Dr. Otti’s response reflects a familiar governance mindset: “Our mandate is to deliver on promises, not to argue spreadsheets.”
From this perspective, he sees infrastructure, reforms, and service delivery as the real evidence, expects journalists to come prepared with facts if they want to interrogate policy outcomes and views media chats as serious governance platforms, not casual exchanges.
The strength in his position is that it signals seriousness about governance, rejects superficial questioning and encourages higher journalistic standards.
In many ways, he is saying: “If you want to challenge me, do it properly.”
That is not unreasonable.
However, in democratic systems, the burden of proof lies with those in power, not with citizens or journalists.
The journalist’s question was legitimate; What measurable economic impact has your administration produced?
This is a core accountability question as it touches on employment, revenue, investment, poverty reduction, GDP contribution, ease of doing business and SME growth.
These are not “hostile” questions, they are basic governance metrics. The strength in the Journalist’s position is that it represents public interest, seeks evidence-based governance and promotes transparency.
A governor should reasonably be expected to have these figures at hand, or have aides who do.
Dr. Otti fell short in statesmanship. Critics are right to question the tone.
Statesmanship is not only about competence, it is also about demeanour and institutional maturity.
A more statesmanlike response might have been, Over the past two years, our internally generated revenue has grown by X%, investments by Y%, and road infrastructure by Z%. My office will make the full data available.”
That would have projected confidence, strengthened credibility, silenced critics and educated the public.
Instead, his response appeared dismissive.
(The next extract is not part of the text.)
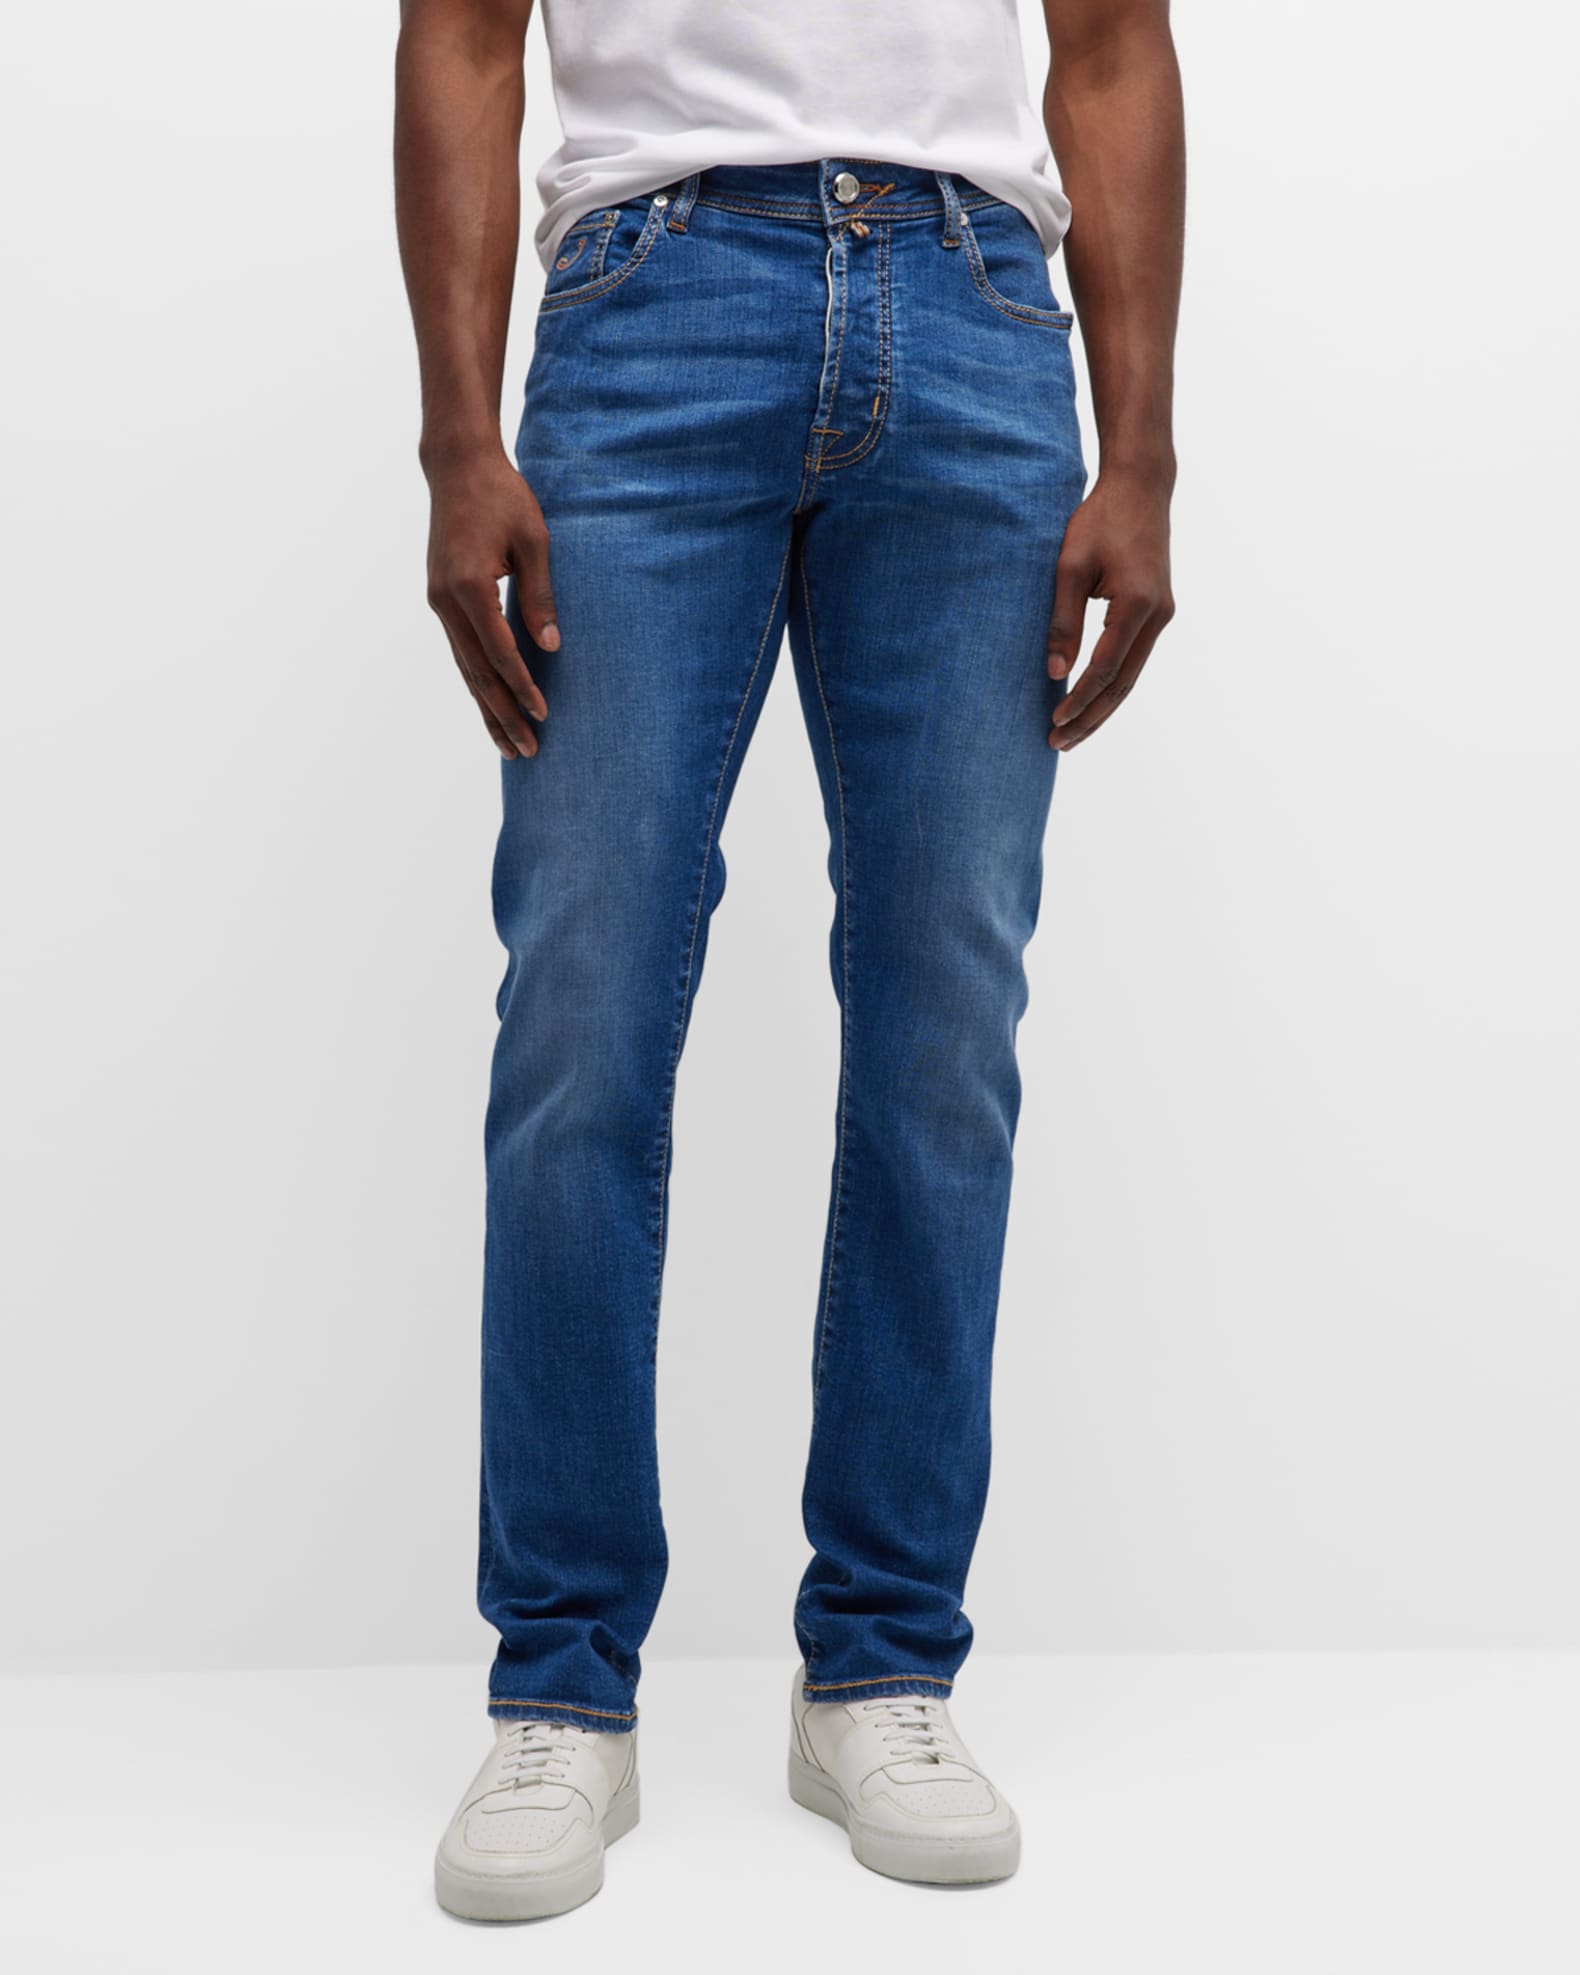 reservering plug Clip vlinder Jacob Cohen Men's Slim Fit Stretch Denim Jeans | Neiman Marcus

This matters because power should not appear defensive, public communication shapes political culture and leaders set the tone for institutions.
Even when justified, irritation from officeholders weakens democratic norms.
At the same time, many critics of the journalist are also right. He failed in professional rigour.
Modern political journalism is increasingly data-driven. Serious reporters today often arrive with budget figures, audit reports, past policy benchmarks and comparative state data.
If Mr. Nwabueze had said; “Your IGR grew from ₦X to ₦Y. Unemployment remains at Z%. How do you reconcile this?” It would have been a much stronger intervention.
So yes, journalism must evolve beyond “open-ended questioning”, preparation strengthens accountability and evidence forces substantive answers. Dr. Otti exploited a weakness that shouldn’t have been there.
On a bigger picture, this episode exposes a deeper Nigerian problem: institutional opacity.
In mature systems government dashboards are public, performance reports are routine, independent data exists and Think tanks analyze policy.
In Nigeria and its many subnational governments - states and local councils, data is fragmented, reports are inconsistent, access is limited and verification is hard.
So journalists often operate in a data vacuum and makes confrontations like this inevitable.
At the heart of this controversy is a philosophical question: Who bears primary responsibility for accountability?
In democratic theory, the government owes citizens evidence, the media facilitates that process and citizens are the ultimate principals. So while journalists should prepare, governments must institutionalize transparency.
Accountability is not a debate contest, it is a duty.
The optics do not do either the governor or the journalist any good.
While supporters see Otti’s response as confidence, zero tolerance for mediocrity and reformist seriousness, others see it as arrogance, evasion and weak communication strategy.
Both interpretations are plausible. Which one sticks will depend on whether his administration later publishes clear performance data. If it does, he looks vindicated, and if it doesn’t, the criticism gains force.
This episode ultimately reveals not just about one question. On leadership, it reveals technocratic leaders must learn political communication, results must be narratable and competence alone is not enough, on journalism it also reveals that Nigerian media needs stronger research culture, data literacy is now essential and questioning must be evidence-based. It also challenges governance to ensure that performance reporting is systematic and transparency proactive, not reactive.
In fairness, while Dr. Otti is right to demand seriousness and value substance, he was wrong to sound dismissive, thereby missing the opportunity to educate. On the other hand, Mr. Nwabueze was right to ask for impact data and represent citizens, he was underprepared and allowed himself to be outflanked.
Neither Dr. Otti nor Mr. Nwabueze fully covered themselves in glory.
Finally, for reform-oriented states like Abia, perception matters. If performance is real, it must be measured, published, defended and debated.
Strong institutions grow when leaders welcome scrutiny and journalists sharpen their tools. This exchange shows Nigeria is still learning that culture.